Physics is a field of big names, important research, and incredible advances, and it can be hard to feel like you matter in a community as beautiful and terrifying as physics. As a first-year student, you may look at the seniors in your department as these incredible students, with summers of research and publications under their belt, and feel like you’ll never measure up. The reality is, none of us know what we’re doing either. We’re the same as you—we’ve just had a little more time. Imposter syndrome has been a huge topic in our discussions lately. I think physics majors appreciate hearing from us seniors how stupid we feel sometimes. Sharing our experiences with them, the struggles, the wins, the tears, and the fears, has helped to show them that there are a million ways to be successful.
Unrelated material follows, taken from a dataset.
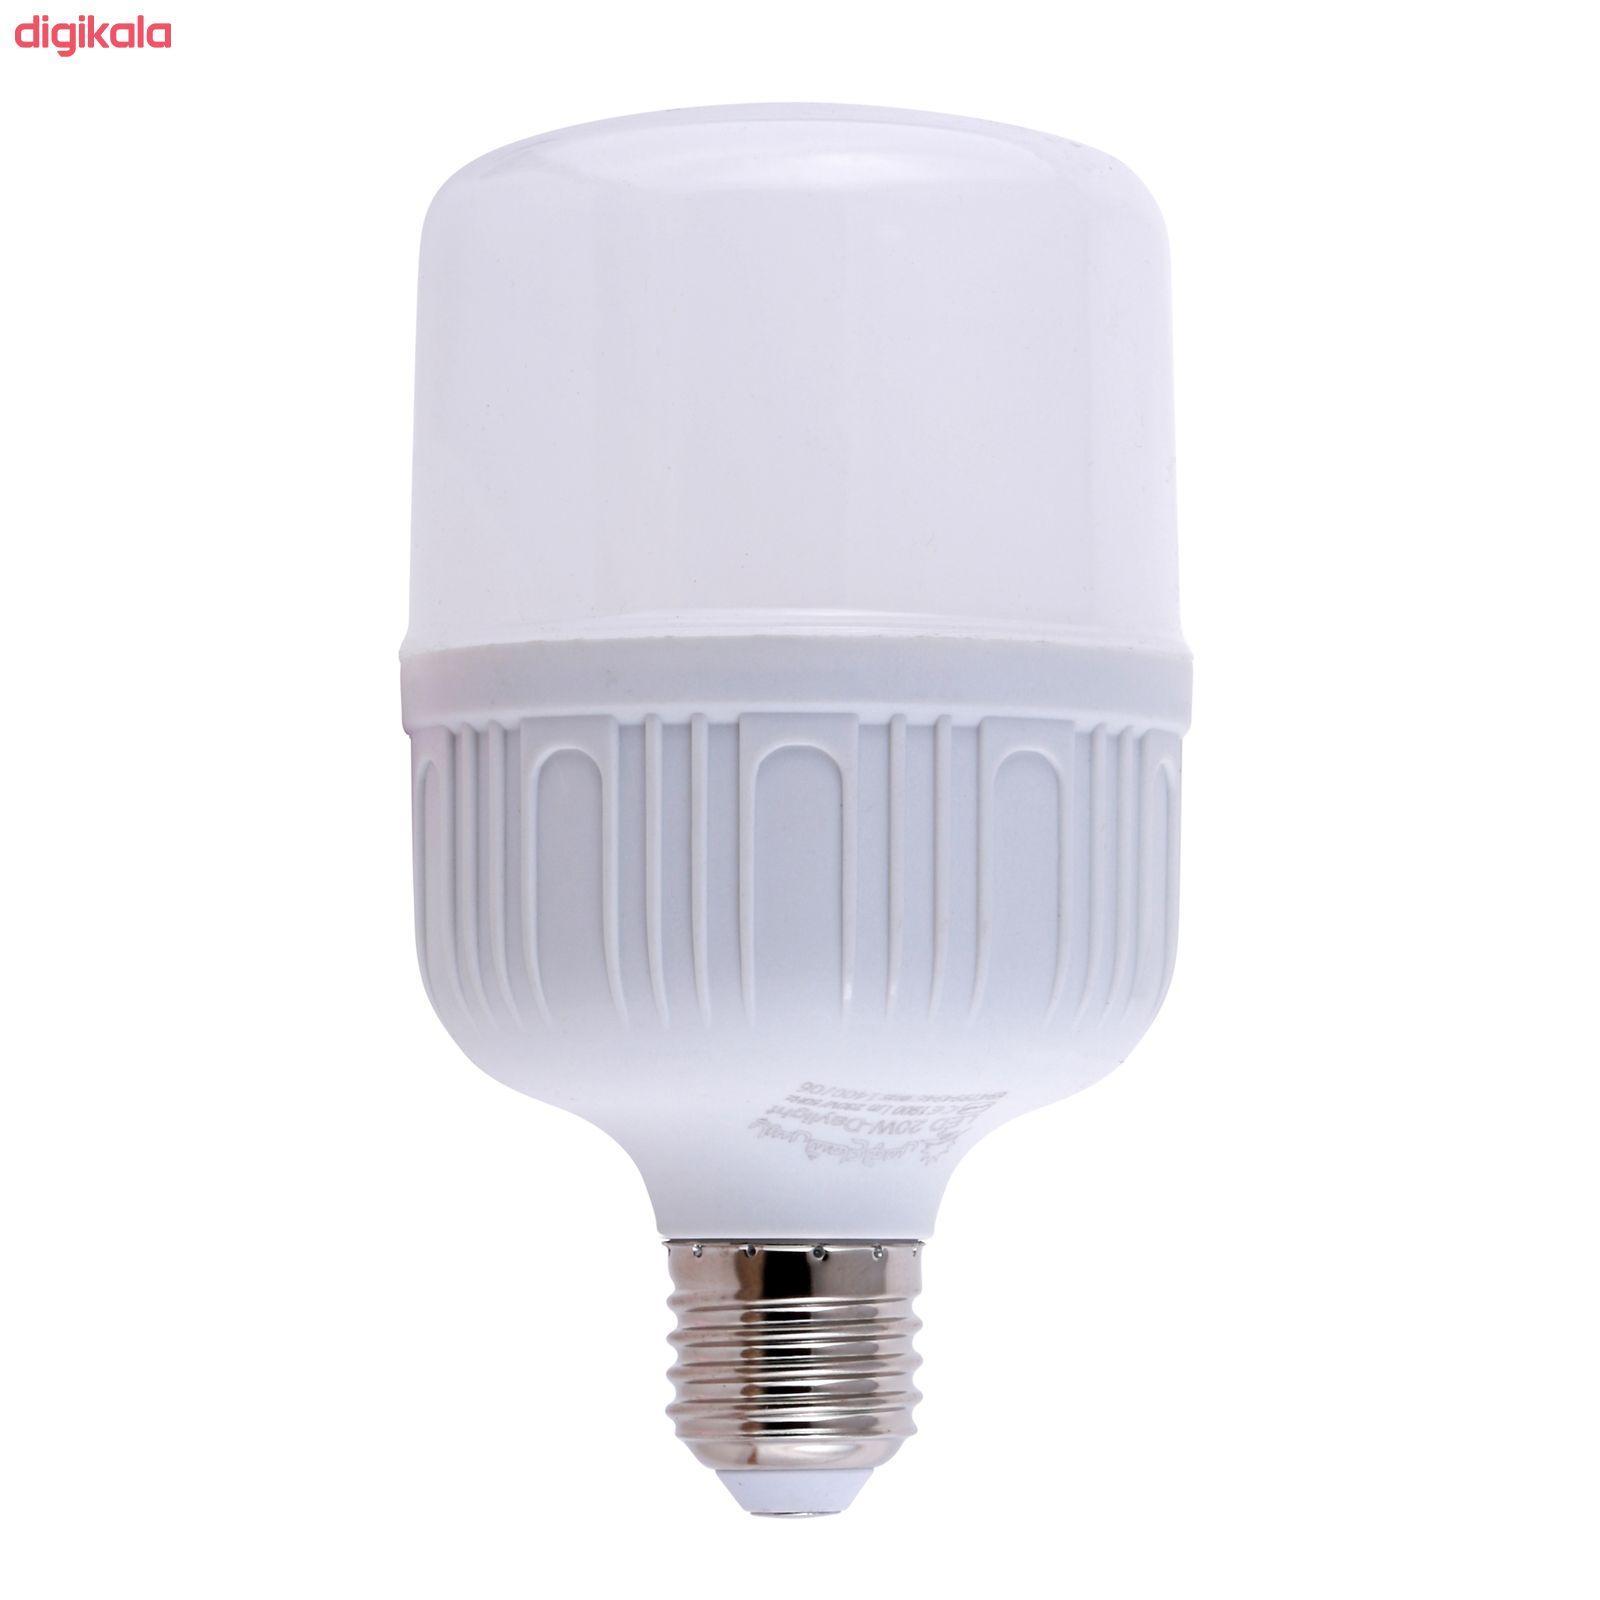 لامپ ال ای دی 20 وات پارس شعاع توس مدل CY20 پایه E27 main 1 2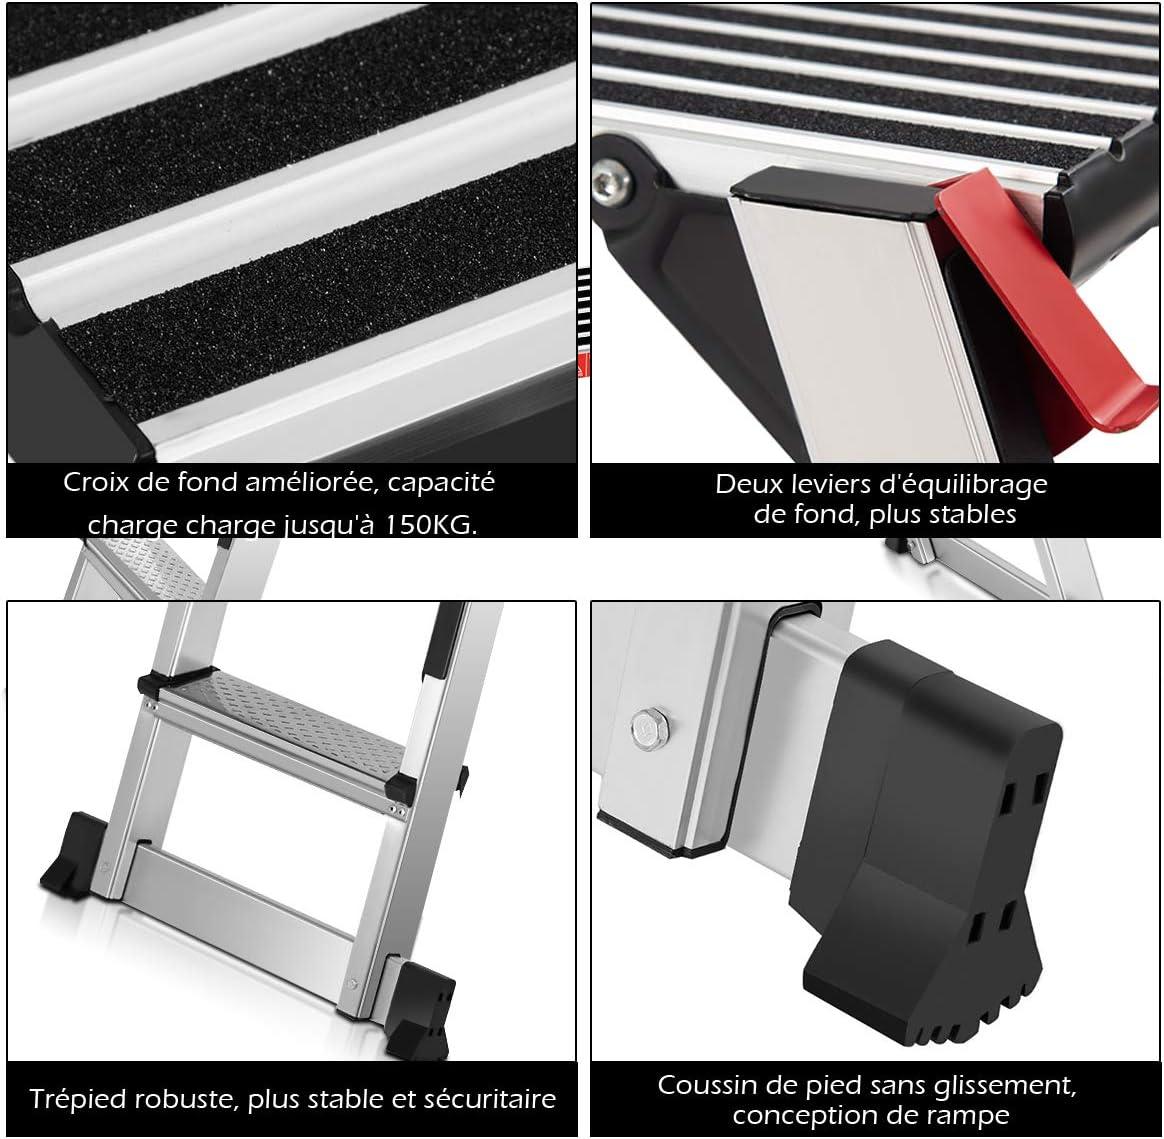 acier antid/érapant r/ésistant pour les travailleurs de la maison de travailleur de transport de support d/échelle de plate-forme descalier de petites /échelles Plate-forme de travail

This is so important to the future of the physics community—if all you see around you is success, everything that’s less than perfect is going to make you feel like you don’t belong. But if you know your role models and that they’ve struggled in the same way, you might be more likely to meet the challenges with confidence. If you get a chance, spend some time with those who are going through what you’ve gone through already. If they’re anything like me, they could use a friend in physics.

My role in the physics community at Furman has been one of, if not the most fulfilling part of my time as an undergrad. I’m so happy to have been part of Sigma Pi Sigma and the Society of Physics Students, and making the physics community a little less intimidating for someone else.